The example can be distilled down to this.

#include <assert.h>
struct s_t {
int value;
};

struct s_t a = {.value = 0};
struct s_t b = {.value = 1};

int main() {
struct s_t *ptr;
__CPROVER_assume(ptr == &a || ptr == &b);
assert(ptr == &a || ptr == &b);
// if the assertion above holds then this should also hold
assert(ptr->value == 0 || ptr->value == 1);
return 0;
}

The underlying problem is that pointer dereference depends on the value set associated with the pointer, and that the value set only reflects imperative updates made to the pointer and not declarative assumptions.

[tautschnig]

I believe that #6326 was built to specifically address this case. Would adding explicit nondet initialisers solve the problem?

[remi-delmas-3000]

Adding a nondet initializer does not seem to fix the problem:

#include <assert.h>
struct s_t {
  int value;
};

struct s_t a = {.value = 0};
struct s_t b = {.value = 1};

struct s_t *nondet_ptr();

int main() {
  struct s_t *ptr = nondet_ptr();
  __CPROVER_assume(ptr == &a || ptr == &b);
  assert(ptr == &a || ptr == &b);
  struct s_t * dummy_a = &a;
  struct s_t * dummy_b = &b;
  struct s_t * dummy_ptr = ptr;
  int dummy_ptr_value = ptr->value;
  // passes 
  assert(a.value == 0 && b.value == 1);
  
  // fails with ptr->value == 3
  assert(ptr->value == 0 || ptr->value == 1);
  return 0;
}

** Results:
ptrs.c function main
[main.assertion.1] line 14 assertion ptr == &a || ptr == &b: SUCCESS
[main.assertion.2] line 19 assertion a.value == 0 && b.value == 1: SUCCESS
[main.assertion.3] line 21 assertion ptr->value == 0 || ptr->value == 1: FAILURE

Trace for main.assertion.3:

State 26 file ptrs.c function main line 12 thread 0
----------------------------------------------------
  ptr=&b (00000011 00000000 00000000 00000000 00000000 00000000 00000000 00000000)

Assumption:
  file ptrs.c line 13 function main
  ptr == &a || ptr == &b

State 30 file ptrs.c function main line 15 thread 0
----------------------------------------------------
  dummy_a=&a (00000010 00000000 00000000 00000000 00000000 00000000 00000000 00000000)

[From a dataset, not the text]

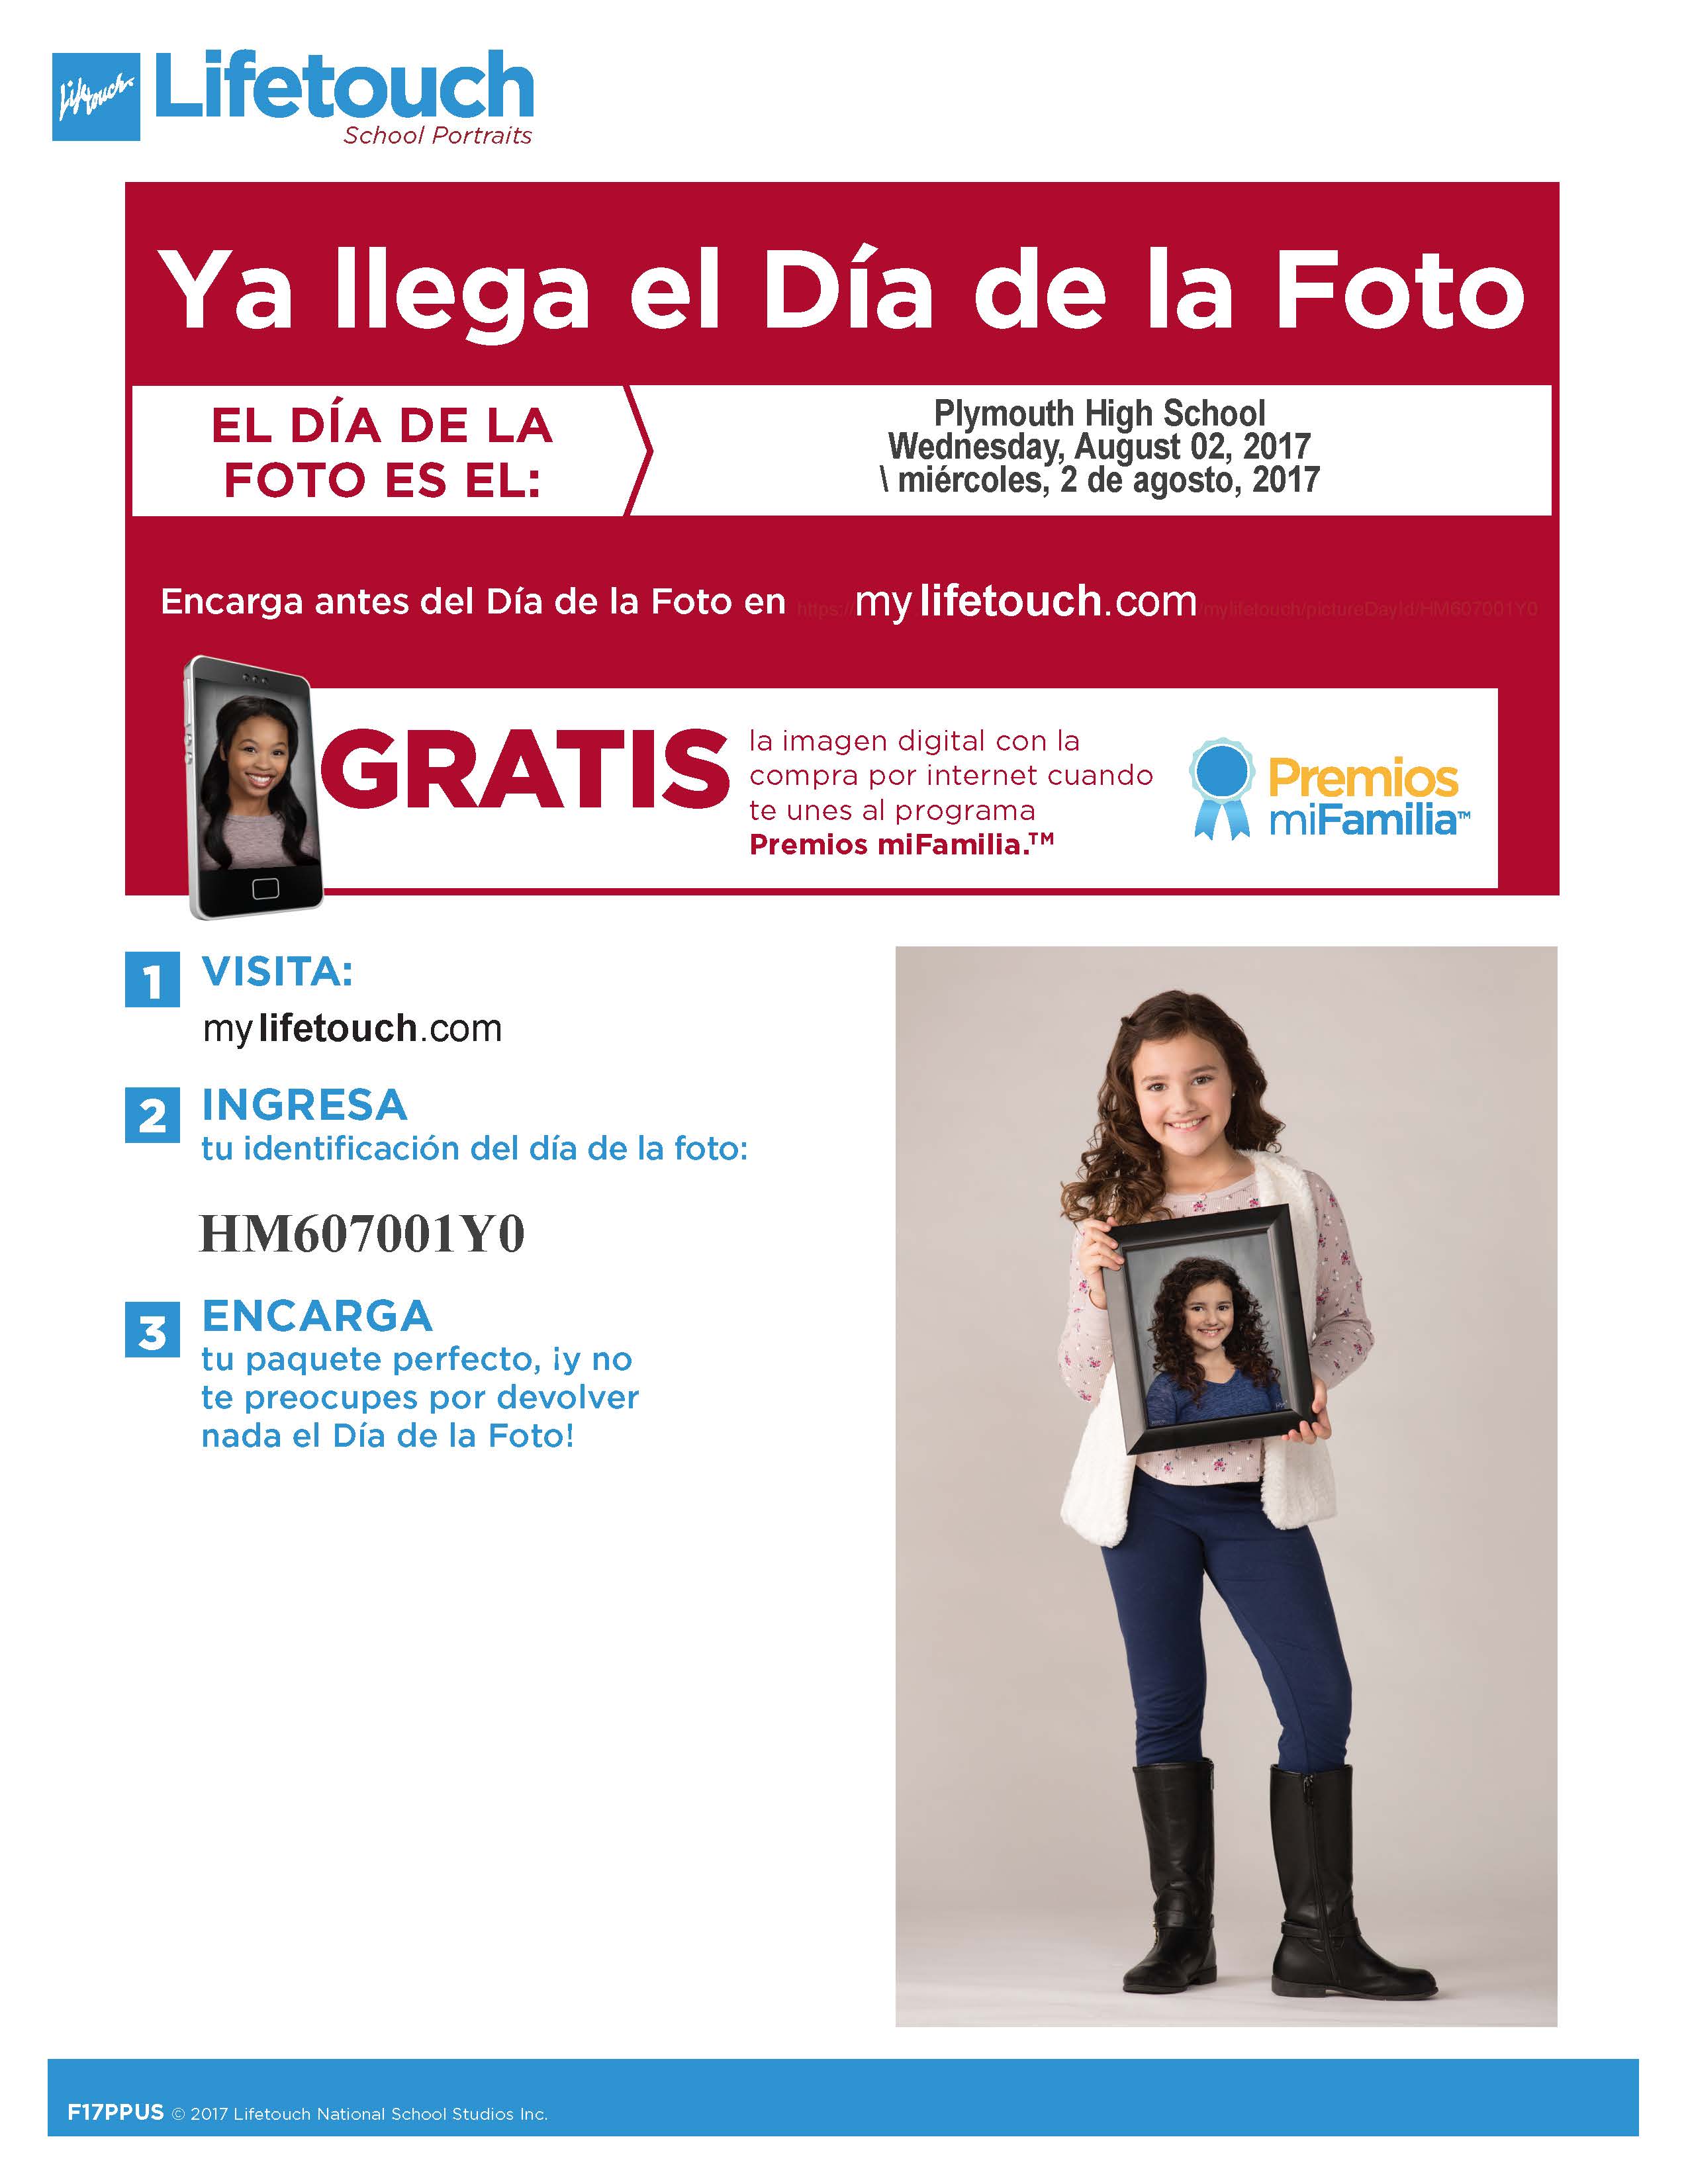 Lifetouch online order form in Spanish

State 32 file ptrs.c function main line 16 thread 0
----------------------------------------------------
  dummy_b=&b (00000011 00000000 00000000 00000000 00000000 00000000 00000000 00000000)

State 34 file ptrs.c function main line 17 thread 0
----------------------------------------------------
  dummy_ptr=&b (00000011 00000000 00000000 00000000 00000000 00000000 00000000 00000000)

State 36 file ptrs.c function main line 18 thread 0
----------------------------------------------------
  dummy_ptr_value=1073741824 (01000000 00000000 00000000 00000000)

Violated property:
  file ptrs.c function main line 21 thread 0
  assertion ptr->value == 0 || ptr->value == 1
  !((signed long int)(signed long int)!(ptr->value == 0 || ptr->value == 1) != 0l)



** 1 of 3 failed (2 iterations)
VERIFICATION FAILED

[feliperodri]

@remi-delmas-3000 haven't you address this issue with the latest DFCC work?